Аналогичный случай произошел в кино. Звукооператор позвал меня посидеть у него в будке, в которую микрофон передавал все, что говорилось у съемочного аппарата. Шла репетиция. Актеры тяжело нанизывали слова, задавливая словами все живое в сцене, микрофон передавал сухое и напряженное звучание голосов. Вдруг послышался голос осветителя: «Вася, подвинь эту пятисоточку, вот эту, эту. Еще, еще. Вот так, правильно. А ну-ка, еще немножко!» Осветитель, так же как и я у моего магнитофона, говорил где-то в стороне, но его голос был чище, яснее, чем у актеров. Я подумал: как было бы хорошо, если бы актеры говорили свои слова с подобной жизненной легкостью и активностью. Тогда, пожалуй, и не надо было бы так хлопотать звукооператору. Правда, к такой жизненности и целесообразной легкости актеру прийти не так легко.

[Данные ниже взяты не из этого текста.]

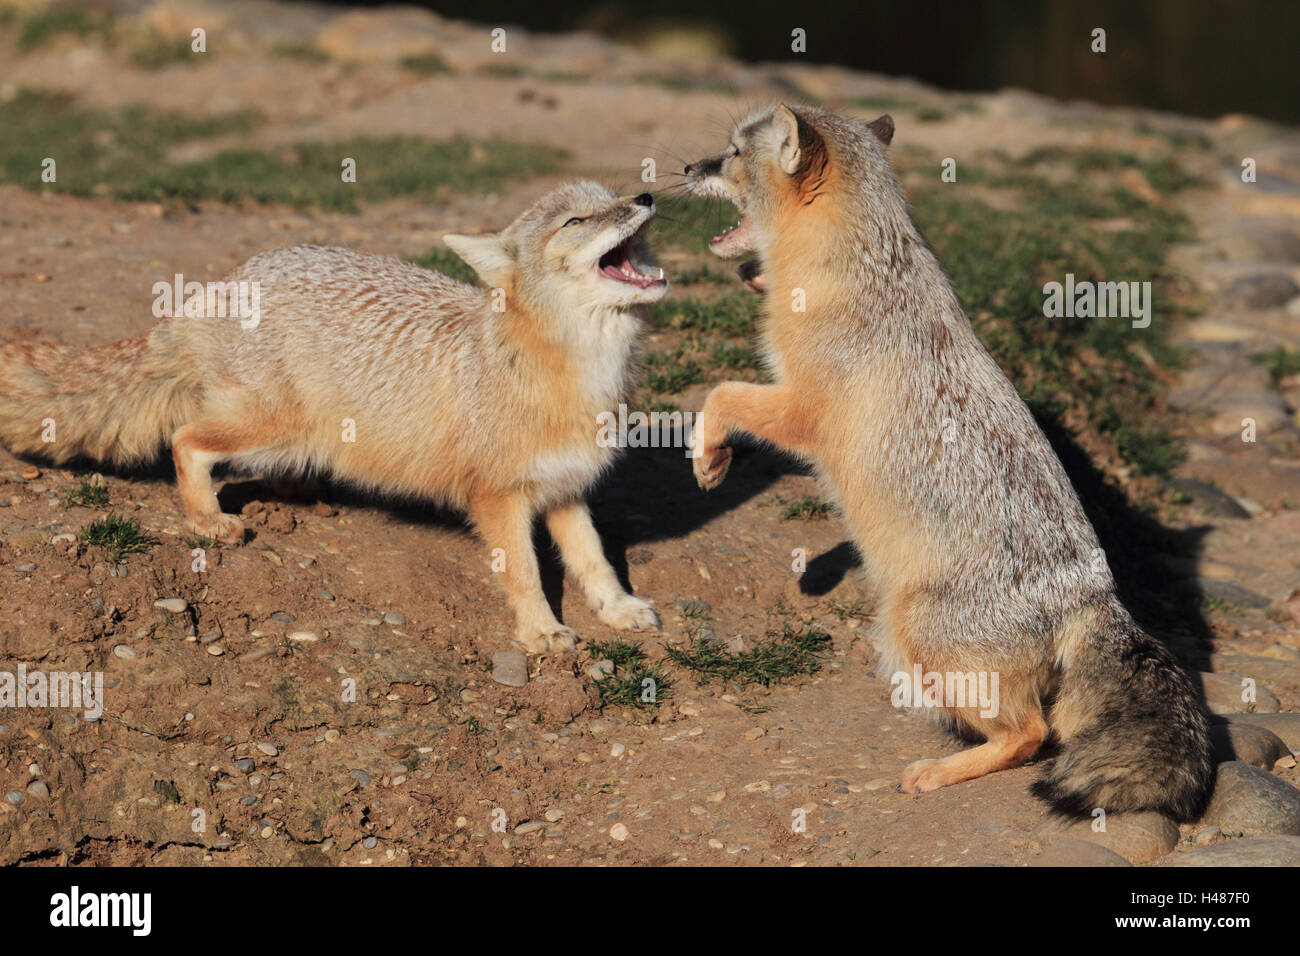 Steppe foxes, fight, medium close-up, Stock Photo

Если он будет подражать такой легкости, получится поверхностная правденка.
Актер должен искать природу сцены, сквозное действие, «вгрызаться» в нее, порой с избытком растрачивать свой темперамент на репетиции, чтобы выявить самое главное, найти ритм и отсечь ненужное. Только так он придет к легкости и жизненности, к правде, но уже правде художественной и глубокой.
Оказывается, как мне рассказали руководители студии звукозаписи, совершенная грамзапись получается только у очень больших мастеров. Грамзапись требует от исполнителя, певца, музыканта громадной техничности в соединении с эмоциональностью. Артисты, не владеющие в совершенстве мастерством, которое и заключается главным образом в эмоциональности, сочетающейся с высокой техничностью, «не получаются» на пластинке.